If everything turns on the individuality of Carpenter, however, does that make her work a study of character rather than of public affairs? Not so, insofar as the personal falls back into the political, which is, typically, a sorry turn of events. The turn away from the Carpenterian style and Carpenterian values that started during World War I, as Russell bedazzled Malleson, reached its full definition with George Orwell writing to a friend about “middle-class socialists” in 1936:

So many of them are the sort of eunuch type with a vegetarian smell who go about spreading sweetness and light and have at the back of their minds a vision of the working class all TT [teetotal], well washed behind the ears, readers of Edward Carpenter or some other pious sodomite.

A ferocious scorn for homosexuals, for peaceability and kindliness, for the writer’s own class, indeed for the supposed unwashed reality of the working-class other; a zeal to appear “hard” and unillusioned: altogether, here we arrive at an almost irresistible rhetorical formula. So it has proved in the mainstreams of Anglophone politics and journalism, over which Orwell’s shadow still extends and in which invariably there are points to be scored by mocking “sweetness and light,” not to mention sandals.

Rowbotham’s response to this is, naturally enough, to cast Carpenter as a forerunner of the counterculture that she grew up with from the 1960s onward. She vindicates his fuzzy, absorbent modus operandi as a fair response to the questions her generation of activists tried to address at their sit-ins and their squats: “how to imagine an alternative without becoming trapped in a prescriptive construct.” She salutes not only his diligent ground-laying for the cause of gay liberation but his prescience as an early environmentalist: “Recycling, the revival of small-holdings by organic farmers, the spread of farmers’ markets and local sourcing are all unwittingly Carpenterian.”
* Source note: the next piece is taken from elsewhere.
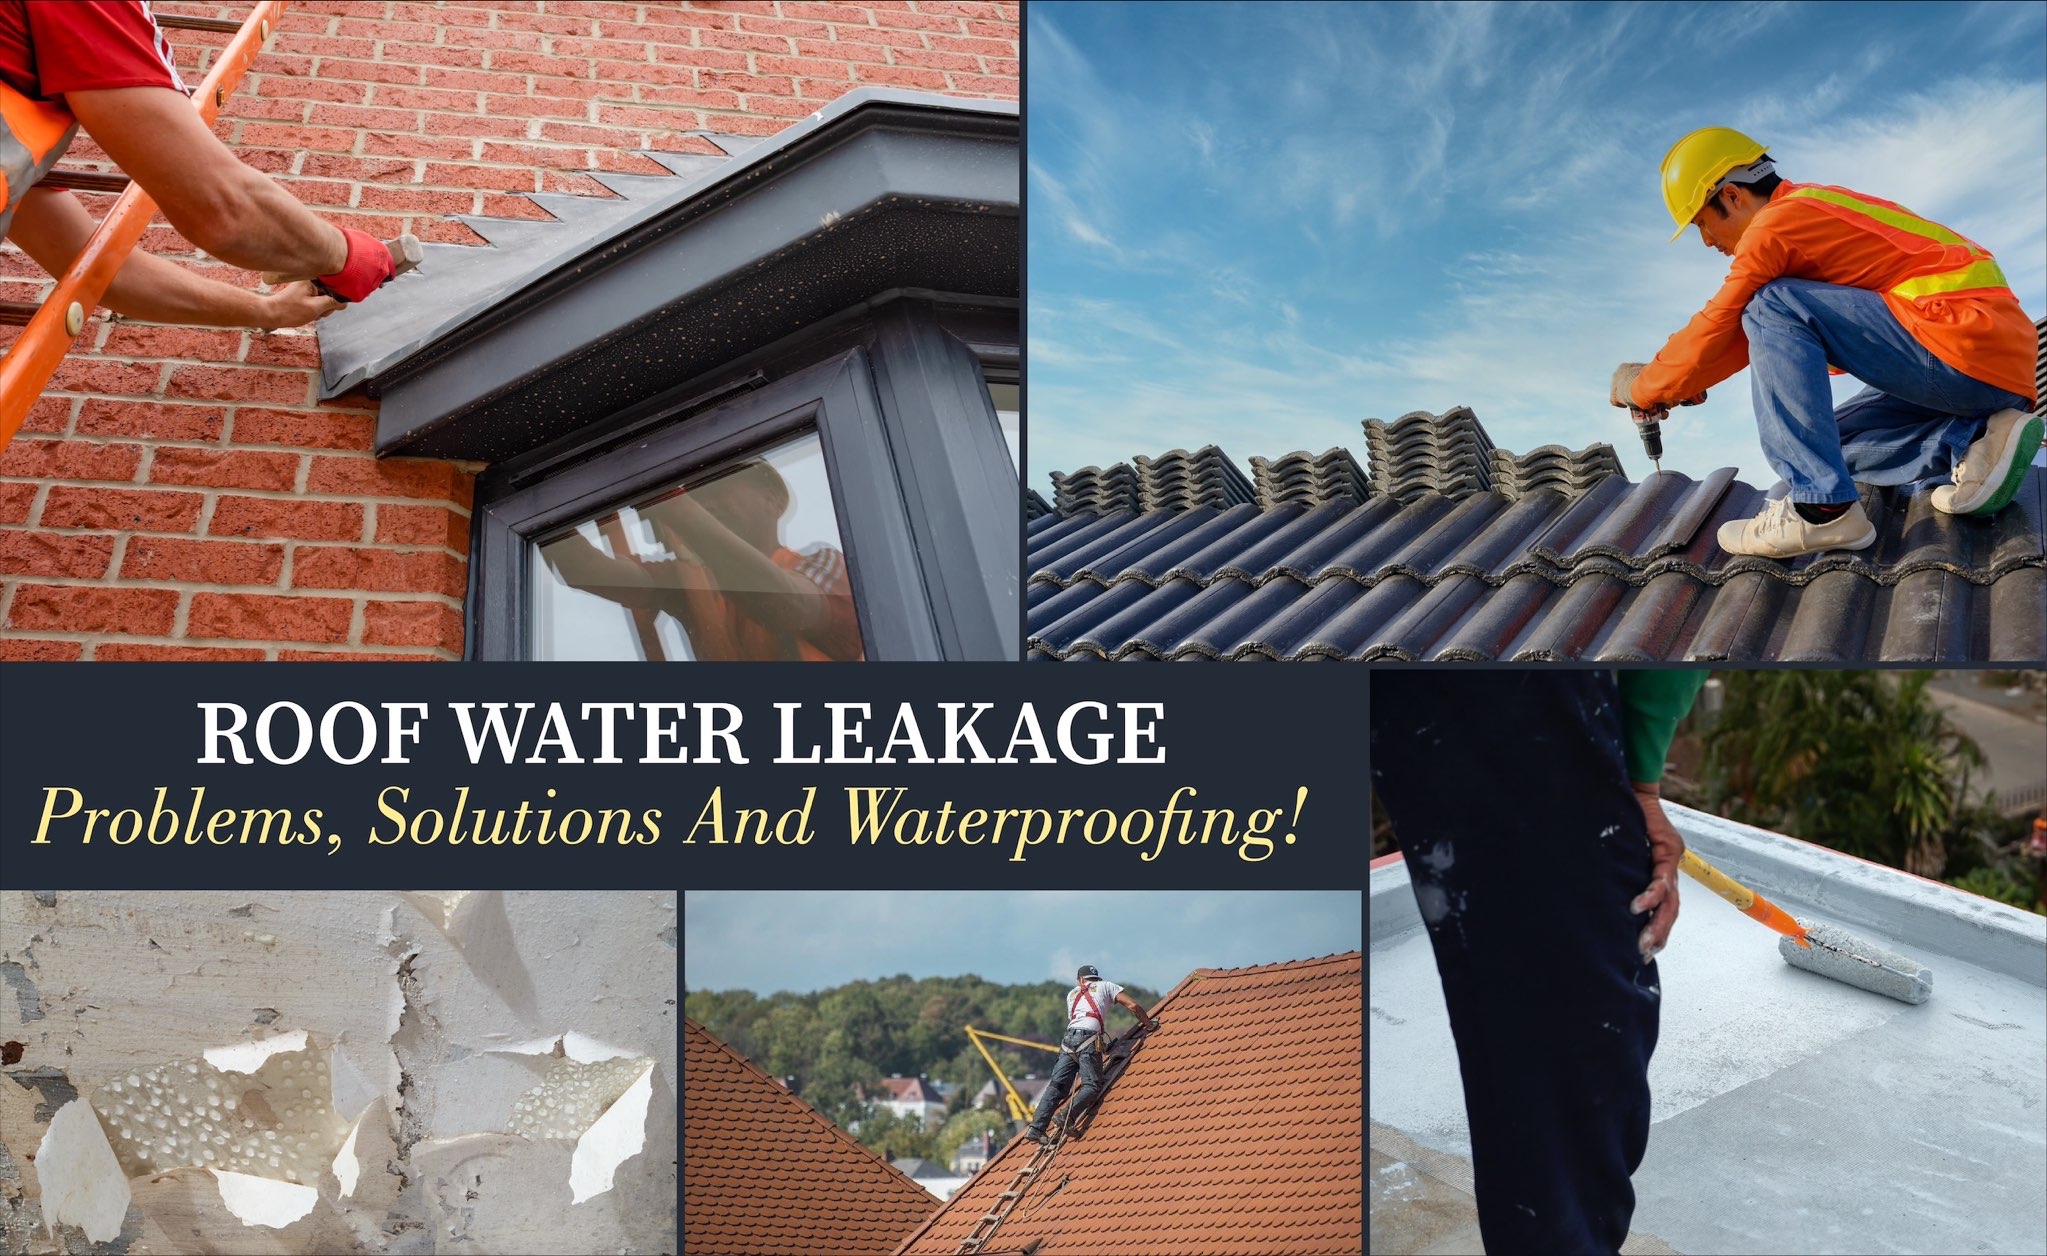 Roof Water Leakage Problems, Solutions and Waterproofing
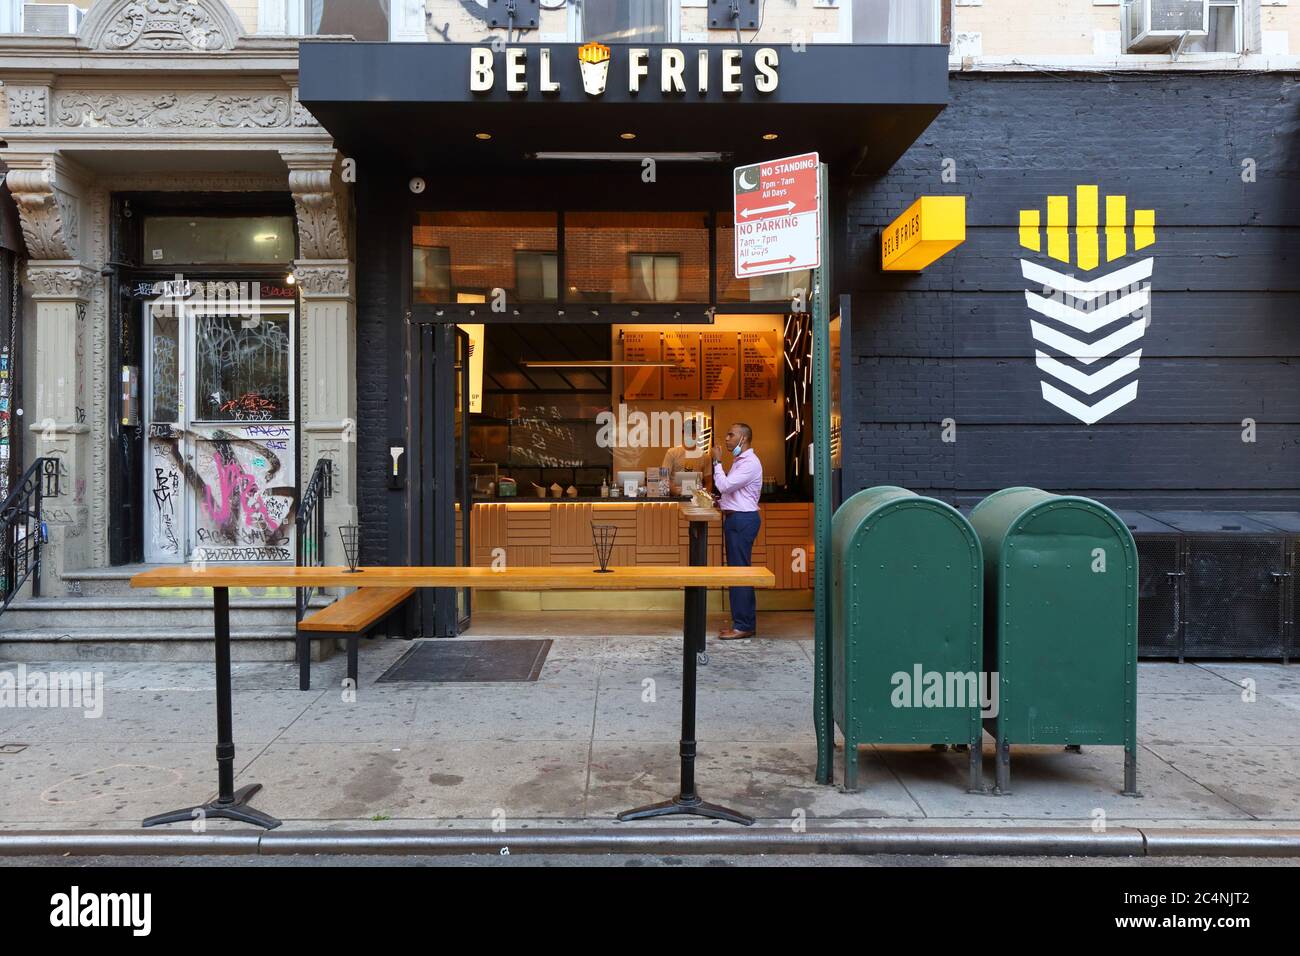 Bel-Fries, 132 Ludlow Street, New York, NY. exterior storefront of a Belgian fries shop in the Lower East Side neighborhood of Manhattan. Stock Photo

One might object that this type of congratulation by hindsight is rather an easy game to play, but what other kind of praise befits those who merely prophesy, rather than take command? It happens that “soft power”—a politics that proceeds by attraction, not force—has been a notion rather in vogue lately, by way of reaction to a certain “hard” way of wielding power. In that light, Rowbotham’s magnificent historical study might have other contemporary implications. How far, one wonders, would qualities such as Carpenter’s be able to push home progressive results, if someone with his magnetism and ecumenical goodwill were actually handed the reins?